Namun, baru saja ia merasa rileks, suara seseorang membuatnya terkejut. “Richard,” panggil sebuah suara tegas.
Richard segera bangkit. Wajahnya berubah pucat saat melihat Ibunya berdiri di sana dengan ekspresi penuh amarah. Matanya menyipit tajam, seperti ingin menembus kebohongan apa pun yang mungkin ia sembunyikan.
“Kau berkelahi lagi, ya?” tanya sang Ibu dengan nada dingin dan tajam.
Richard menelan ludah, gugup. “Tidak, Ma,” jawabnya dengan suara lirih.
“Lalu apa itu kalau bukan bekas perkelahian, Richard?” Suaranya meninggi, menunjuk luka di pergelangan tangan putranya.
“Oh, tadi aku hanya tidak sengaja terjatuh, Ma,” dalih Richard, mencoba tetap tenang.
Sang Ibu menggeleng, matanya semakin menyipit. “Bohong.”
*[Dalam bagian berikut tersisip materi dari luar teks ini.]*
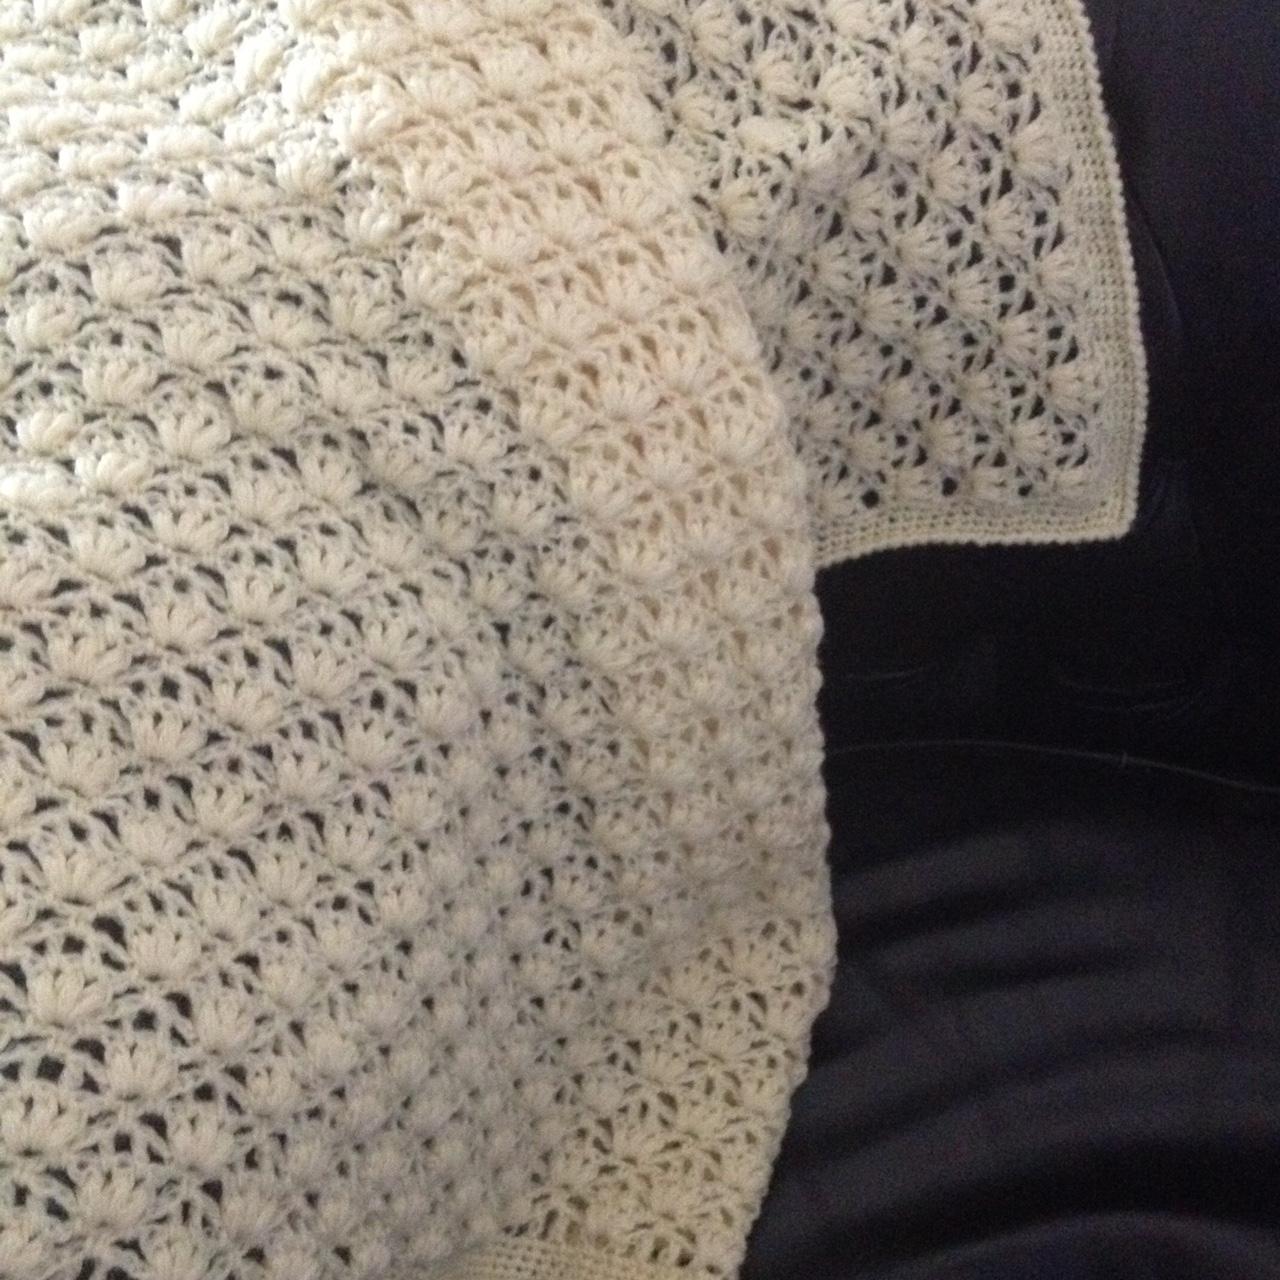 Copertina Neonato Pulcino Crochetime

“Benar kok, Ma. Aku tidak berbohong,” Richard berusaha meyakinkan, meskipun nadanya terdengar goyah.
Richard bergumam pelan, hampir tak terdengar, “Mama terlihat seram sekali kalau sedang marah seperti ini.” Ia kembali menelan ludah, menyadari bahwa situasi ini tidak akan mudah dilewati.
Tiba-tiba, nenek Richard, Jenifer Diraya, muncul dengan ekspresi yang sama tegasnya seperti menantu perempuannya. “Dia pasti bohong, Natalie,” ucapnya yakin.
Richard mendesah, merasa terpojok. “Nenek, jangan tambah masalah, dong.”
Nyonya besar Diraya, Jenifer Diraya, hanya menghela napas panjang, matanya menatap cucu laki-lakinya dengan penuh kekecewaan. “Terserah kamu saja, Richard.”
Natalie, ibunda Richard, ikut angkat bicara sambil melirik putranya. “Ini salah Mama juga, terlalu memanjakan dia sejak kecil,” keluhnya.
Nyonya Jenifer perlahan merebahkan tubuhnya di sofa mewah yang ada di dekatnya. “Cucuku,” panggilnya lembut.
“Iya, Nek?” balas Richard tanpa semangat.
“Apa kamu tidak ada niatan untuk menikah?” tanyanya tiba-tiba, membuat Richard terdiam sejenak.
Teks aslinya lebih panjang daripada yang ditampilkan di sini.